[What you need to do]
Return verbatim all lines from the first one in the records to the line with "German field gun", both ends kept.

[Records for this exercise]

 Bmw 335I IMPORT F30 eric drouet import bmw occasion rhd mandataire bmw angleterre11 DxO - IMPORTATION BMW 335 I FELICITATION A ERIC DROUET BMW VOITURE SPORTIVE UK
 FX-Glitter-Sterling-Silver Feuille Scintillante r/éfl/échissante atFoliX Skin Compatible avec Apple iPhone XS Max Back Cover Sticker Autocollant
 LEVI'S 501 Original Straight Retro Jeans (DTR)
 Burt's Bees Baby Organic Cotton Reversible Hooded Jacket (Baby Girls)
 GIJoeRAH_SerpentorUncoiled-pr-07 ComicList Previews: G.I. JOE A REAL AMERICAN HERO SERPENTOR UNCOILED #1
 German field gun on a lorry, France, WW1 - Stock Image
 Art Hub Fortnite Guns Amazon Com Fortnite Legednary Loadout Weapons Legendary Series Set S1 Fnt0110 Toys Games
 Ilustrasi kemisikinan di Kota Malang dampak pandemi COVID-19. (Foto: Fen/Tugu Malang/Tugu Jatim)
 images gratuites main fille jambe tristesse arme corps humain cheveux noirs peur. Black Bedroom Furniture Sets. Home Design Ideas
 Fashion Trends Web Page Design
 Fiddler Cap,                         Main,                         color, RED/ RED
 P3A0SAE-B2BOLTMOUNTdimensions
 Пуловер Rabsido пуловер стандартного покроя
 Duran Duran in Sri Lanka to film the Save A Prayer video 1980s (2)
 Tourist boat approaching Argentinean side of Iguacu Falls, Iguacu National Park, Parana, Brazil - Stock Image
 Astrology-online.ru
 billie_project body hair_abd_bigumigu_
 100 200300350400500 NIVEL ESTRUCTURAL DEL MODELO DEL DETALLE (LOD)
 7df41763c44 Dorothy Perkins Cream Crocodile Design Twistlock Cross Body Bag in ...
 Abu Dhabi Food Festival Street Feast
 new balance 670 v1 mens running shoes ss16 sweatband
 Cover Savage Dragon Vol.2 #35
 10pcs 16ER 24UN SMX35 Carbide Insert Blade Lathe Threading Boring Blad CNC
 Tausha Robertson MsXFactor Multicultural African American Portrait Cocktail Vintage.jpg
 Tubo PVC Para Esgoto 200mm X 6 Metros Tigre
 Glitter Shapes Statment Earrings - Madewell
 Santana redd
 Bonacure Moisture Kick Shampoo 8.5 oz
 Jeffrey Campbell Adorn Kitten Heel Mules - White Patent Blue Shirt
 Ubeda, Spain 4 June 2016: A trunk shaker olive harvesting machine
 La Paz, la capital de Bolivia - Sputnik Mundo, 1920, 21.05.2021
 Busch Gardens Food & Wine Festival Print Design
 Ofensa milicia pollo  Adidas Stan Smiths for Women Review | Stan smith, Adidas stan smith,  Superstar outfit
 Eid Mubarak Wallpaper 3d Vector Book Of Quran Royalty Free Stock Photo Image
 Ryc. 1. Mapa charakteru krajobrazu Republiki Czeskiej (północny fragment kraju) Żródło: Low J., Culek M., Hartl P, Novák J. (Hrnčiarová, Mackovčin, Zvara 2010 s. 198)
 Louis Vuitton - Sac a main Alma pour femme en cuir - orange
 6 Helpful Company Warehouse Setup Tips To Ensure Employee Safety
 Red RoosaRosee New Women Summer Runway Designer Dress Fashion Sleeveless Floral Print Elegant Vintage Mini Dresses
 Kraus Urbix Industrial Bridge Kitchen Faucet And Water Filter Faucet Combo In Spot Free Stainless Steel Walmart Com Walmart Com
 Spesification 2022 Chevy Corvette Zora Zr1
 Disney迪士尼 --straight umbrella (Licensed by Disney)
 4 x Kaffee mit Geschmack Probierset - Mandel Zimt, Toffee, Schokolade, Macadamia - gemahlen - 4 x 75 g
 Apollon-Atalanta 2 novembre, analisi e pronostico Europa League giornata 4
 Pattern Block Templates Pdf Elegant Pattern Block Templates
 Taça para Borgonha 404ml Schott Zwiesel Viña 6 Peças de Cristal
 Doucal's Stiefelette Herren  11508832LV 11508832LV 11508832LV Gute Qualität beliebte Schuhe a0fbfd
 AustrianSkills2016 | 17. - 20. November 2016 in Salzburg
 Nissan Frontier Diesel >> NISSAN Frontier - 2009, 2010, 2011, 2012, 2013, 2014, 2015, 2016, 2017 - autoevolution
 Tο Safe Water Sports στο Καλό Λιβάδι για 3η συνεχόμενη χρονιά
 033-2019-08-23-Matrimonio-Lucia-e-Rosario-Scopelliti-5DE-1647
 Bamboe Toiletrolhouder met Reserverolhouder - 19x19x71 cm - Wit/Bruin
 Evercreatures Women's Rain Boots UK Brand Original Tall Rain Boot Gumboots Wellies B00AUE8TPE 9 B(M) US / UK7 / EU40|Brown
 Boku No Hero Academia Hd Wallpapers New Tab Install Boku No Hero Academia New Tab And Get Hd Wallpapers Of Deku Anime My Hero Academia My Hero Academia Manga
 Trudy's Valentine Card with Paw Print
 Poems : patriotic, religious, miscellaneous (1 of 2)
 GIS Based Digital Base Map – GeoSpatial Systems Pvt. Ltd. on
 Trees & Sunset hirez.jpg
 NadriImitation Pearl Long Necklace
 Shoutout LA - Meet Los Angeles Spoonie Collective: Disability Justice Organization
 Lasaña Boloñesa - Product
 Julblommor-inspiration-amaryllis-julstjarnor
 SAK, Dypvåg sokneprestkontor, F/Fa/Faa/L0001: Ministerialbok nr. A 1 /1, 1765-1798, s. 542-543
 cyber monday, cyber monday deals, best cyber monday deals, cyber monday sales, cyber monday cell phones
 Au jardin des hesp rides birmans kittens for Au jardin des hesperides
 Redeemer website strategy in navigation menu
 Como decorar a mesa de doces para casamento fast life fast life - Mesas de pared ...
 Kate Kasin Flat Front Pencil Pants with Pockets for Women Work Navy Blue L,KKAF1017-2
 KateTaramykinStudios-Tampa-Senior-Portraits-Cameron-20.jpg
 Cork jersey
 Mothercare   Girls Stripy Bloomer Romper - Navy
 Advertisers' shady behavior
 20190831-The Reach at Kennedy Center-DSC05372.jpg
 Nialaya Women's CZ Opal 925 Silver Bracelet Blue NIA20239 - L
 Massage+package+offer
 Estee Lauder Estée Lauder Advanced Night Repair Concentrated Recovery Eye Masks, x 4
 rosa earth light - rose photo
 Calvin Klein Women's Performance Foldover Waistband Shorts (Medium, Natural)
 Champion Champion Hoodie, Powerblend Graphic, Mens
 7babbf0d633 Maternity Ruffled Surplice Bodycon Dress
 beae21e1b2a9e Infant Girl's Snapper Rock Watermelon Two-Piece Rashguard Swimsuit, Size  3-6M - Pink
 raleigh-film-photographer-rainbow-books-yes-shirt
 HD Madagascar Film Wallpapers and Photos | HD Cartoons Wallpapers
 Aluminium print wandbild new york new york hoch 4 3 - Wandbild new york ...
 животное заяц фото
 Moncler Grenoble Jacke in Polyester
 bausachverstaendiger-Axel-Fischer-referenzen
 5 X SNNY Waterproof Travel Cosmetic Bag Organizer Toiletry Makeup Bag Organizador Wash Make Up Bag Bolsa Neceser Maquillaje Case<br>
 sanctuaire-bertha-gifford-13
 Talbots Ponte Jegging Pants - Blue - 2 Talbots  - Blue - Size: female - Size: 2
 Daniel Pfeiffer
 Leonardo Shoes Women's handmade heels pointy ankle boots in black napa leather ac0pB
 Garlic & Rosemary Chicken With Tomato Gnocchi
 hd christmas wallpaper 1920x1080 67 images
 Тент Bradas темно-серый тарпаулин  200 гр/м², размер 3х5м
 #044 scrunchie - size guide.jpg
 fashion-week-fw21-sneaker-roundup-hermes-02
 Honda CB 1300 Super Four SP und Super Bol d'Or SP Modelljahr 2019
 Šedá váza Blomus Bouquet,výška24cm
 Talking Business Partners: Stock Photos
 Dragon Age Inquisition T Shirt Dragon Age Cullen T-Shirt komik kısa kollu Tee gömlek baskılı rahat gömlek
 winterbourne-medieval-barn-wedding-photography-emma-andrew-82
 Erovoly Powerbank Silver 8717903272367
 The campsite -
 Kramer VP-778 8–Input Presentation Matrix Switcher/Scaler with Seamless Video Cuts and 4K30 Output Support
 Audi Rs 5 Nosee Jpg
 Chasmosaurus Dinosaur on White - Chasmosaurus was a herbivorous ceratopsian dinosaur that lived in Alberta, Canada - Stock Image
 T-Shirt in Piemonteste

[Exercise solution]
 Bmw 335I IMPORT F30 eric drouet import bmw occasion rhd mandataire bmw angleterre11 DxO - IMPORTATION BMW 335 I FELICITATION A ERIC DROUET BMW VOITURE SPORTIVE UK
 FX-Glitter-Sterling-Silver Feuille Scintillante r/éfl/échissante atFoliX Skin Compatible avec Apple iPhone XS Max Back Cover Sticker Autocollant
 LEVI'S 501 Original Straight Retro Jeans (DTR)
 Burt's Bees Baby Organic Cotton Reversible Hooded Jacket (Baby Girls)
 GIJoeRAH_SerpentorUncoiled-pr-07 ComicList Previews: G.I. JOE A REAL AMERICAN HERO SERPENTOR UNCOILED #1
 German field gun on a lorry, France, WW1 - Stock Image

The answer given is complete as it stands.